Reading Google’s Latest 10K with Many Eyes
There are a number of tools available on the web that will take your documents and analyze the contents statistically to help you identify patterns. For the investment community, these technologies are not quite ready for prime time. In other words, the potential to glean insights is hit-or-miss. But, I’ve been impressed with a tool launched a year ago by IBM (IBM) called Many Eyes which does some simple stats on document contents and provides the output in various forms. Many Eyes is a visualization tool for data focused on natural language.

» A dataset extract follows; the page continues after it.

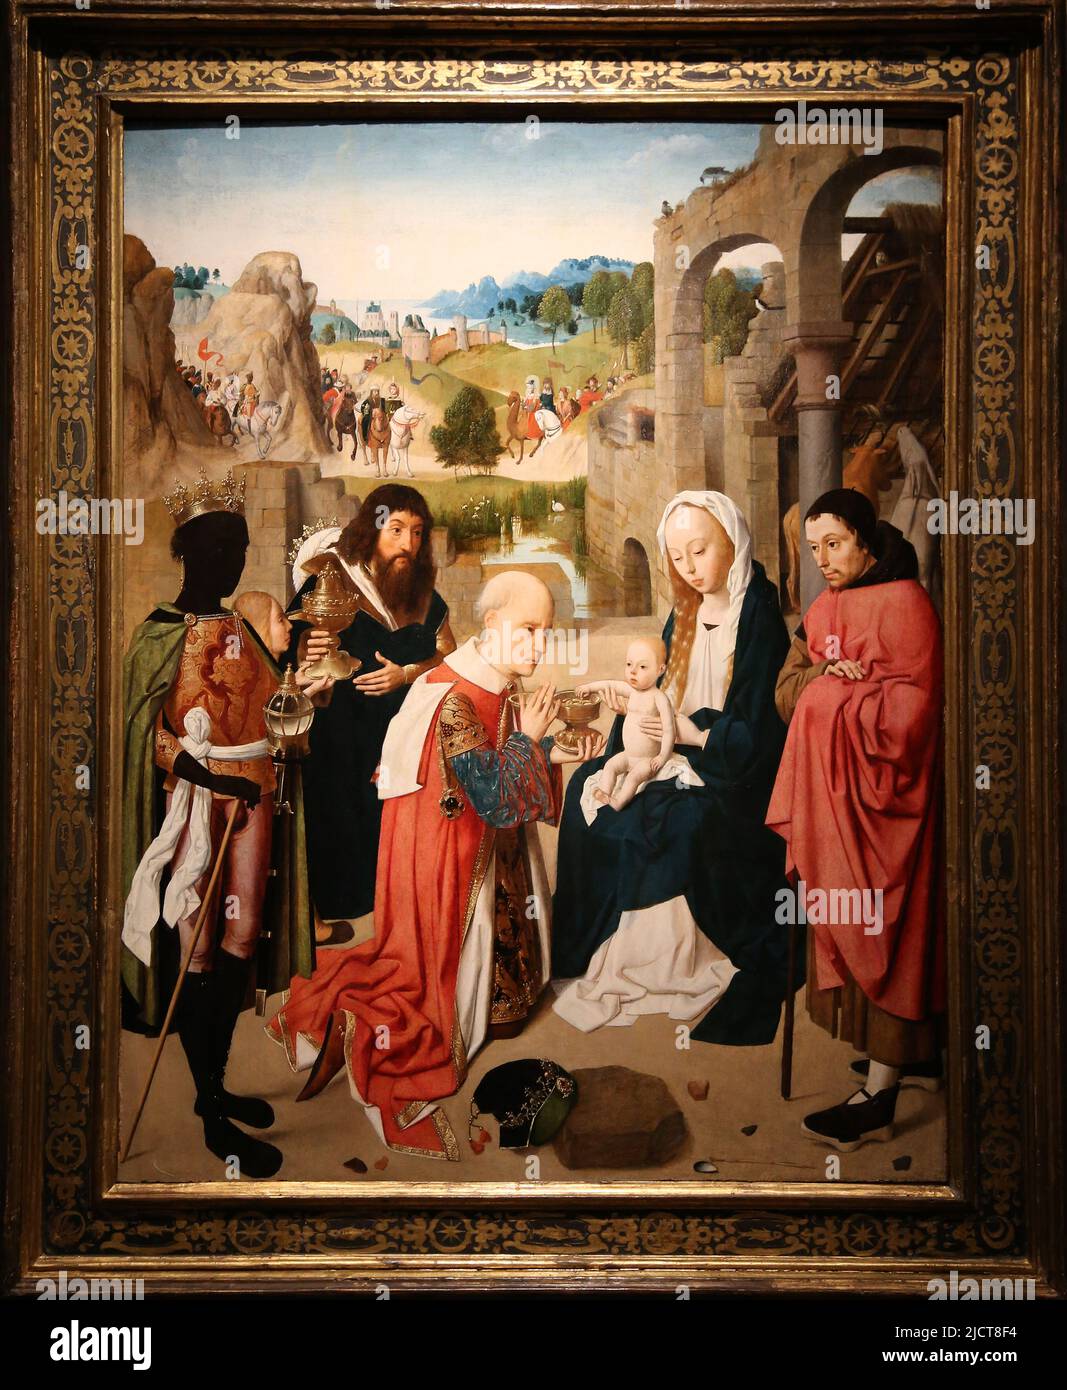 L'adoration des Mages, par Geertgen tot Sint-Jans (c. 1460-c.1490). Haarlem, c. 1480-1485. Huile sur le panneau. Rijksmuseum. Amsterdam. Pays-Bas Banque D'Images

When the data is words, as in a lengthy 10K form, I begin to wonder if some processing of these words can tell us something we don’t already know.
I’ve taken the contents of Google’s (GOOG) 2007 10K and loaded it as a data set in the visualization tool. Do you think any meaningful insights can be derived? Here’s a summary of my results in this simple experiment.
First, I loaded the Product Section of the document, which lists and discusses about 35 products within Google’s consumer portfolio. Enterprise products (Google Apps, Google Appliance) are covered under a separate section. I excluded terms/words like “Google”, “users”, “web” and others that don’t inform the analysis.
Click here or the image below to see the visualization results.
Some themes that standout include (based on term-frequency):
=> Mobile
=> Maps
=> Gmail
=> Groups
=> News
Nothing here is a surprise, as these are all product categories where Google has a significant product in the market.
Some other terms that stood out to me are “free” and [user] “experience”, two central aspects of Google’s focus and way of doing business.
One valuable thing I learned from these results is the lack of product focus on web 2.0 trends and drivers. There’s not a major role for “social networking” themes like “syndication”, “tagging”, “sharing”, “commenting”, etc. across the product portfolio. Could this speak to weakness in product breadth? Where’s the web 2.0 lingo and product focus?
Next, I upload the Risk Factors section on the hopes it would reveal patterns related to Google’s concerns. Here, I also adjusted the contents by excluding terms that don’t inform the analysis (like “Google” or “risk”).
Click here or the image below to see the visualization results.
Results seems to clustered along the following themes, presented in order of magnitude:
=> Advertisers, advertising, clicks, search, (ad) network
=> Access, (network) providers, systems, operations
=> Intellectual, laws, protection
Again, no surprises here.
If Google’s (implicit) objective or hope with this 10K has been to convey comfort that it has its eye on the ball, I think it’s done the job with this document. That tells us something.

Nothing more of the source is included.